The depths of 2,000, 4,000, 8,000, and 12,000 feet were chosen to be compatible with data provided for oil production. An additional depth of 16,000 feet was added for gas equipment and operations because there is significant gas production from this depth in some regions studied. 

Coal Bed Methane Production
The Environmental Protection Agency conducted a survey of coal bed methane producers in the U.S.A.  Their resulting comprehensive report <>Technical Support Document for the 2006 Effluent Guidelines Program Plan, December 2006 EPA-821R-06-018, provided information on coal bed methane production and lease maintenance procedures (specifically for water disposal).  This report was adopted as the guiding reference for the 2009 cost study and all previous estimates were revised to reflect this change. 
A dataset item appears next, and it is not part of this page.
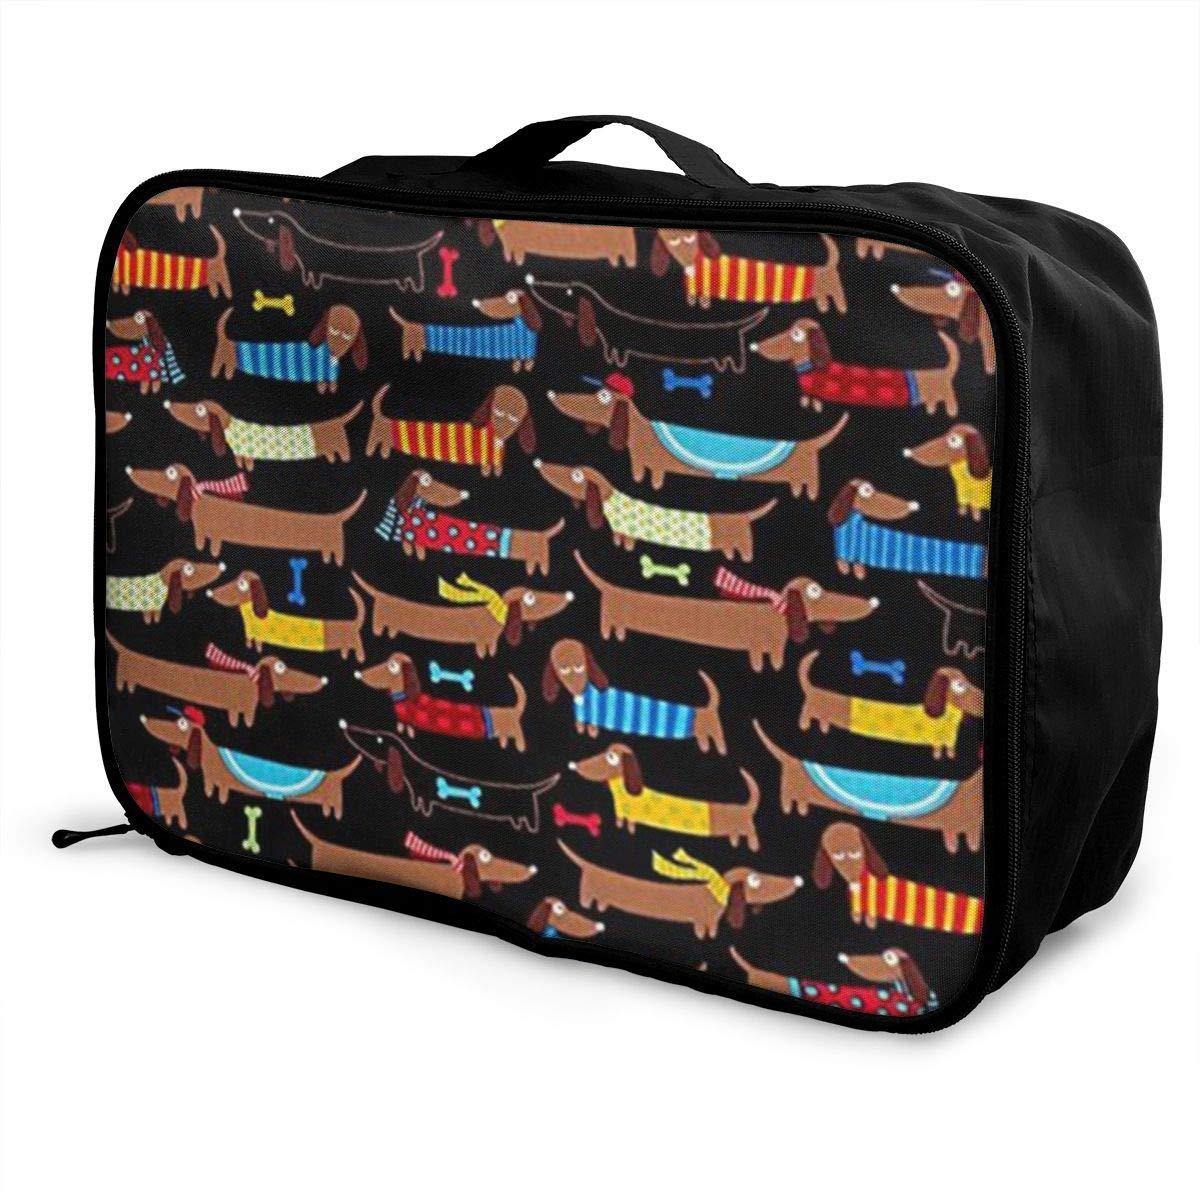 ADGAI I Love My Dog Dachshunds Canvas Travel Weekender Bag,Fashion Custom Lightweight Large Capacity Portable Luggage Bag,Suitcase Trolley Bag

Leases for coal bed methane were assumed to consist of 10 wells dewatered by the predominant artificial lift method employed in that area.  The production depths and rates were chosen as representative for that area.  The areas studied are Appalachia, Black Warrior Basin (Alabama), Powder River Basin (Wyoming), and San Juan Basin (New Mexico).  The following table lists the average production depth, per well production rates, and dewatering method used in the study. 

Revisions
Data used in this work are revised for at least one year.  Late arrival of data necessitates using estimates in some cases, and in other cases, small items have been combined to reduce reporting burdens on data suppliers.  The cost data comes from leading supply, service, and contracting companies in a region.  If one of these companies should not be able to respond, a replacement company is identified.  The replacement company prices may vary slightly from the original company's prices.  In order to collate the necessary data, the costs to drill the water disposal wells, water supply wells and secondary recovery water injection wells are estimated since the source for the drilling costs (the Joint Association Survey on Drilling Costs) is two years behind.  In general, since 1976, data gathering has become more challenging, in part due to the restructuring of the industry, and in part due to normal changes in product lists.  Changes in equipment and operating practices are adopted when they become common usage in an area.  In this manner, improvements in productivity and technology are recognized, although gradually. 

Items Tracked
Table 8 indicates the more significant cost items tracked from year to year, beginning in most cases with the year 1976.  Freight and taxes are also a part of the equipment cost, as is the labor to install the equipment.  Maintenance costs include replacement costs of some of the more common wear items.